> _PROVIDED DATA_
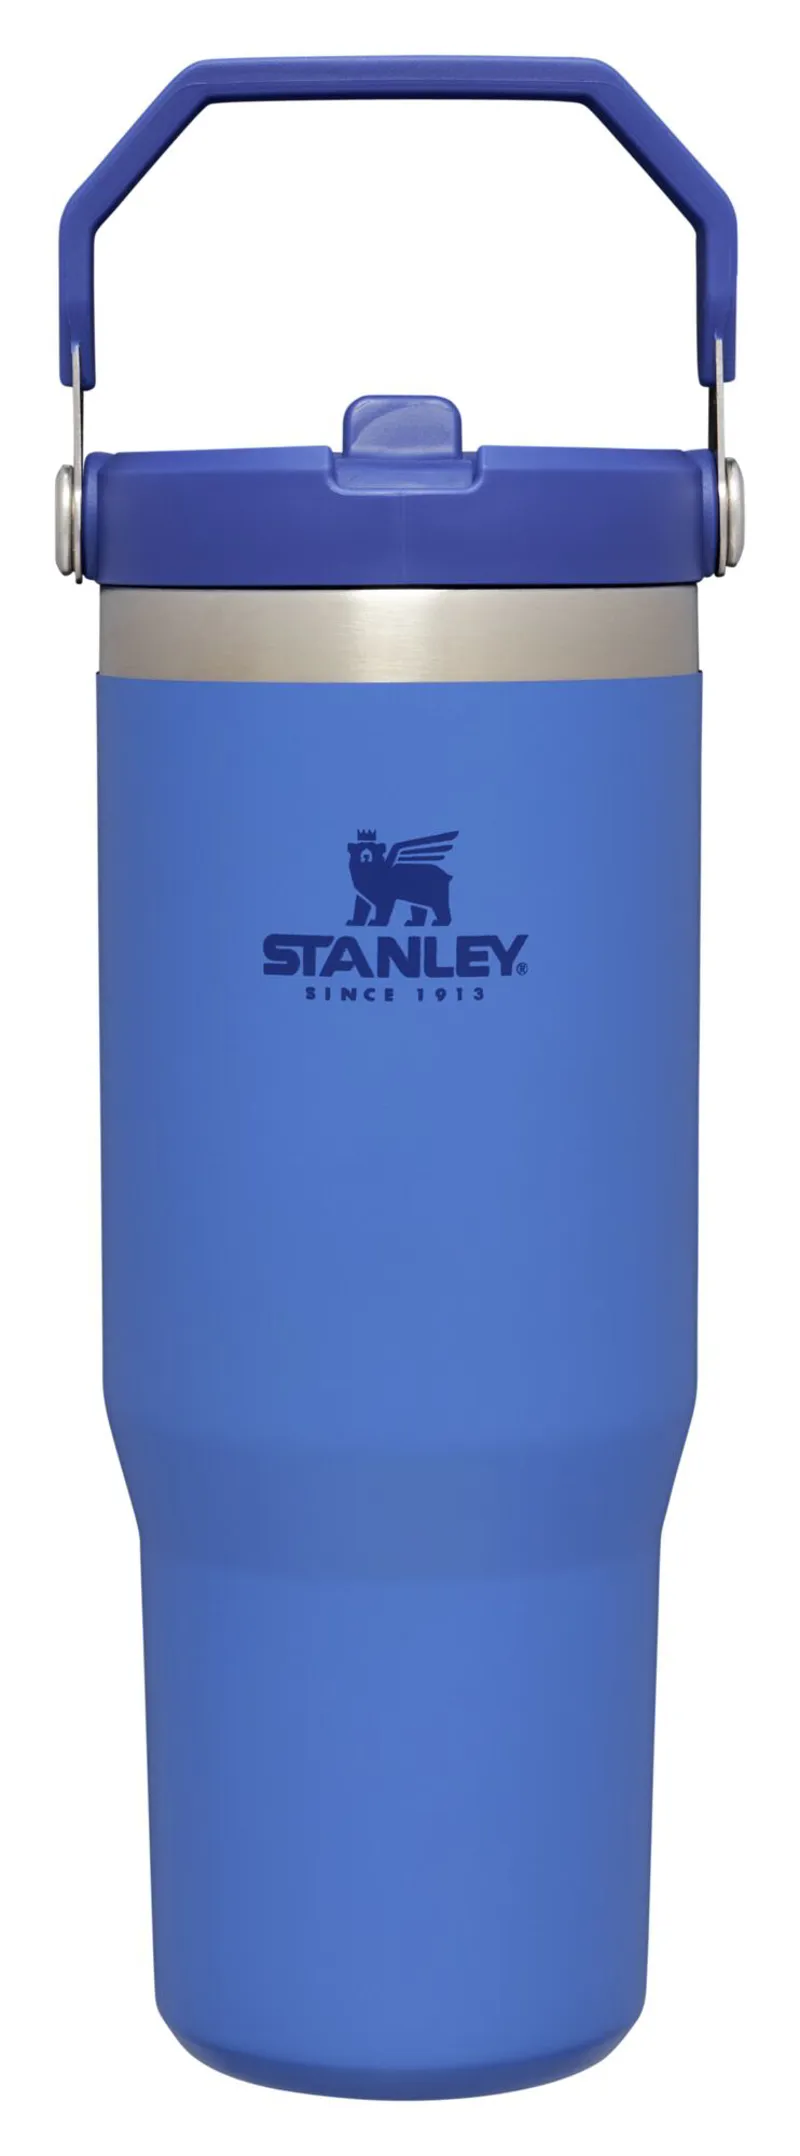 Stanley The IceFlow Flip Straw Tumbler Citron 0.89L - Stanley The
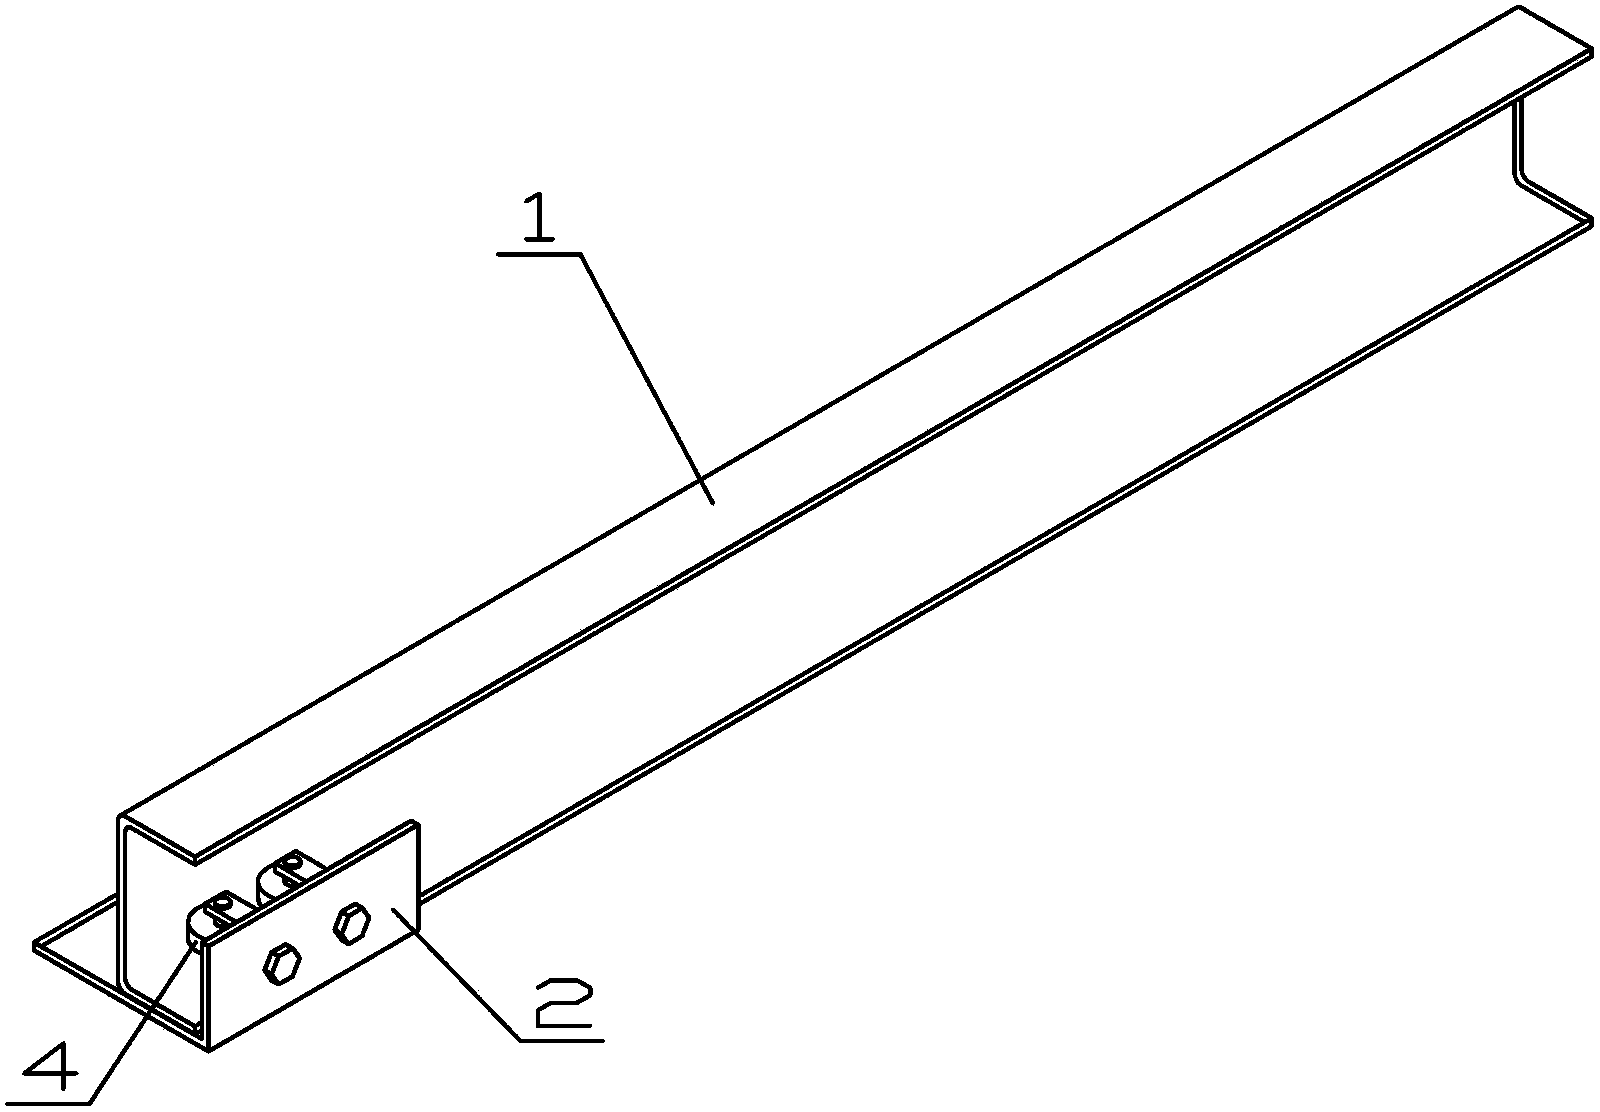 Method and device for replacing wheel group of bridge crane
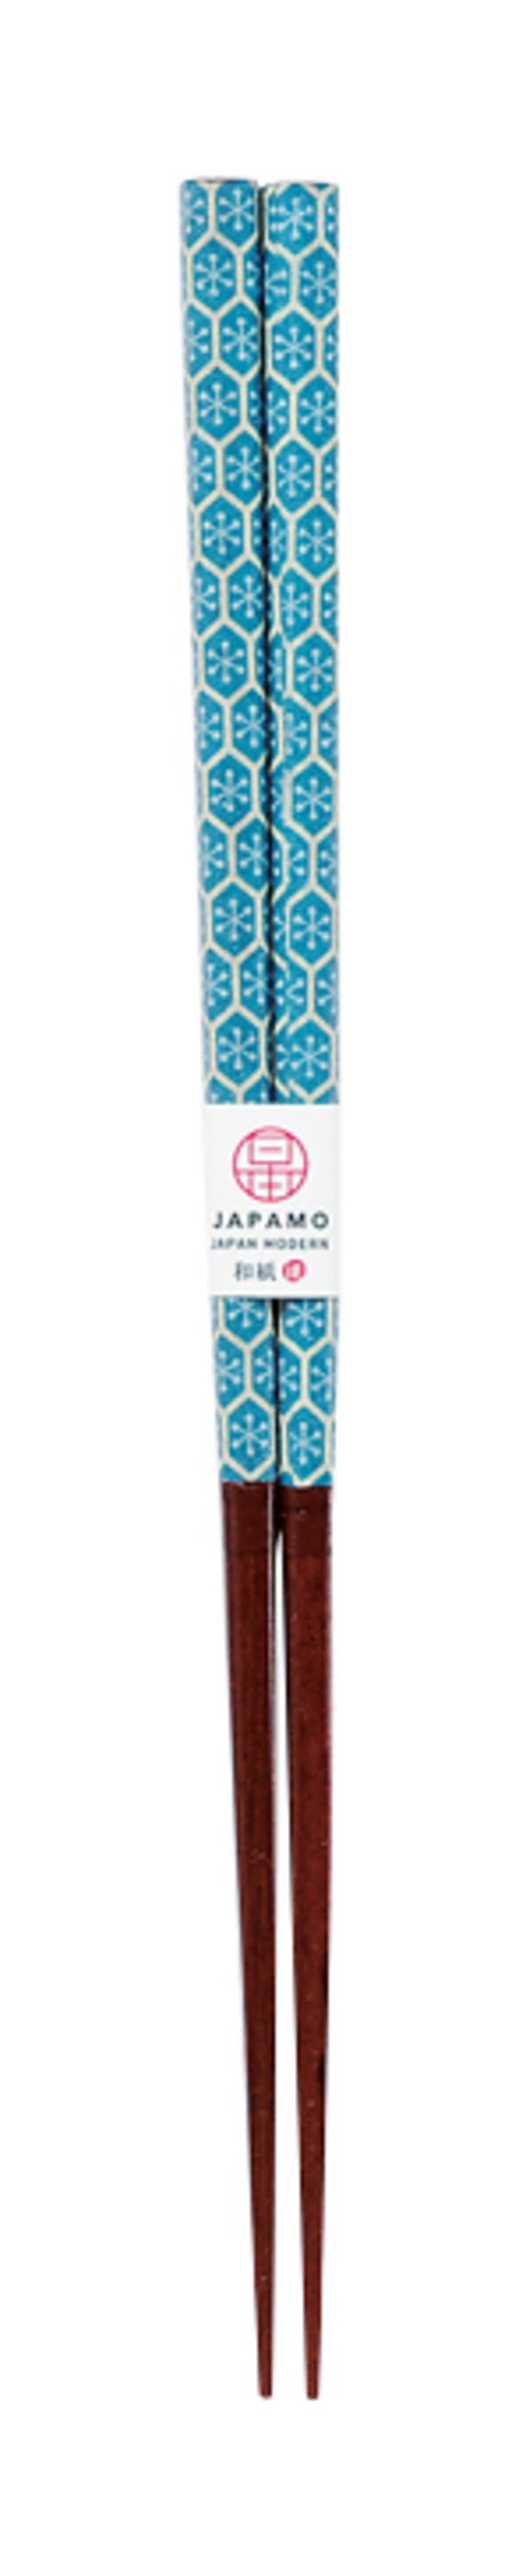 Japanese washi wooden chopsticks
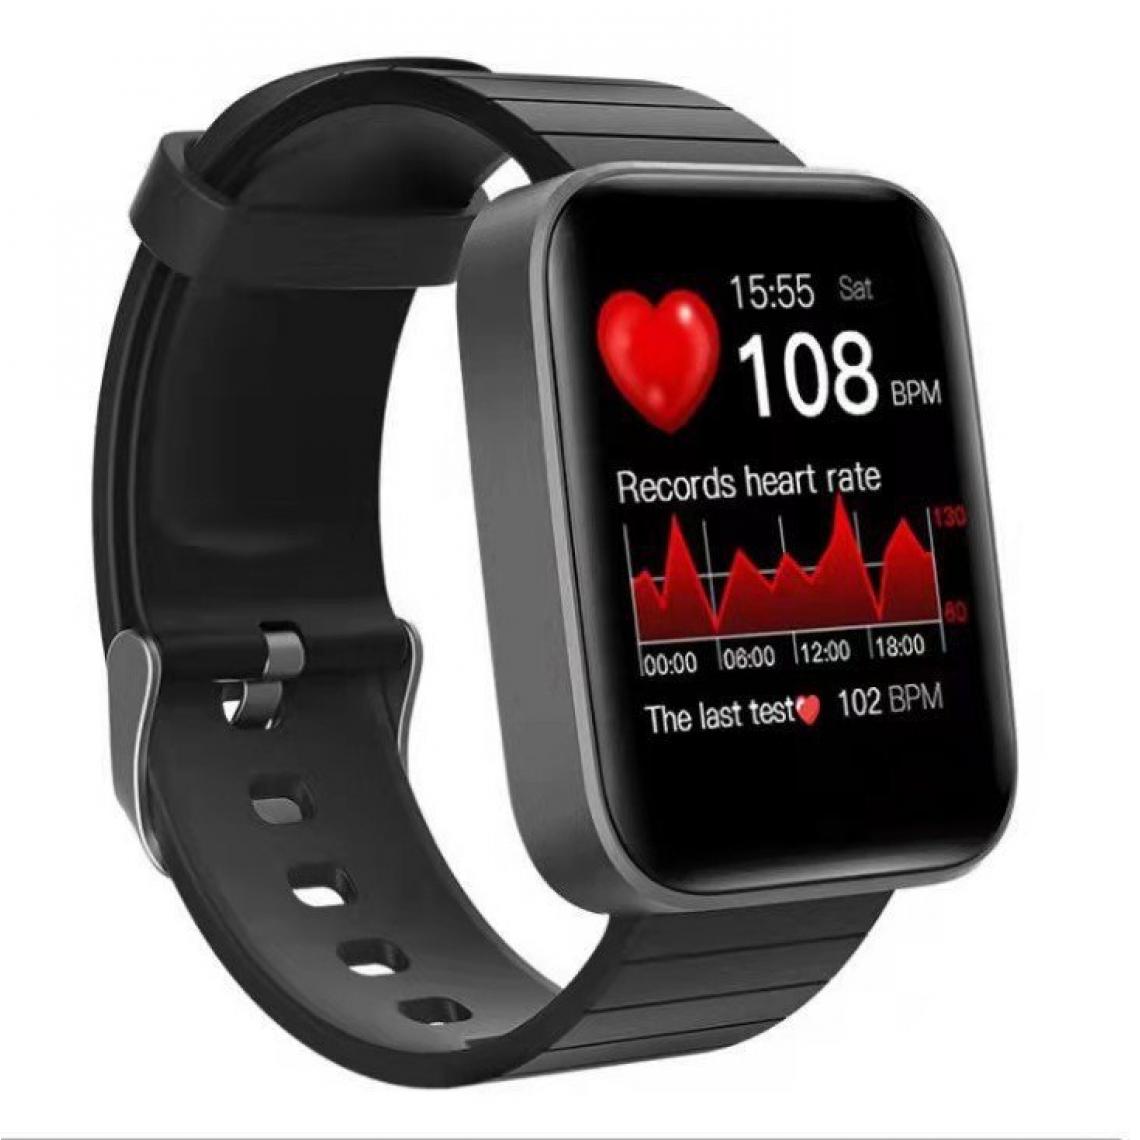 Chronotech Montres - Chronus Smart Watch 1.54 inch Full Touch Screen Smart Watch Flashlight Heart Rate Monitor Blood Pressure Sleep Monitor Fitness Tracker(black) - Montre connectée

> _WORK TASK_
What you return should be the exact lines from the one containing "Japanese washi wooden chopsticks" through the end of the listing above, both included, minus any pictures.

> _SOLUTION TO THE PROBLEM_
 Japanese washi wooden chopsticks
 Chronotech Montres - Chronus Smart Watch 1.54 inch Full Touch Screen Smart Watch Flashlight Heart Rate Monitor Blood Pressure Sleep Monitor Fitness Tracker(black) - Montre connectée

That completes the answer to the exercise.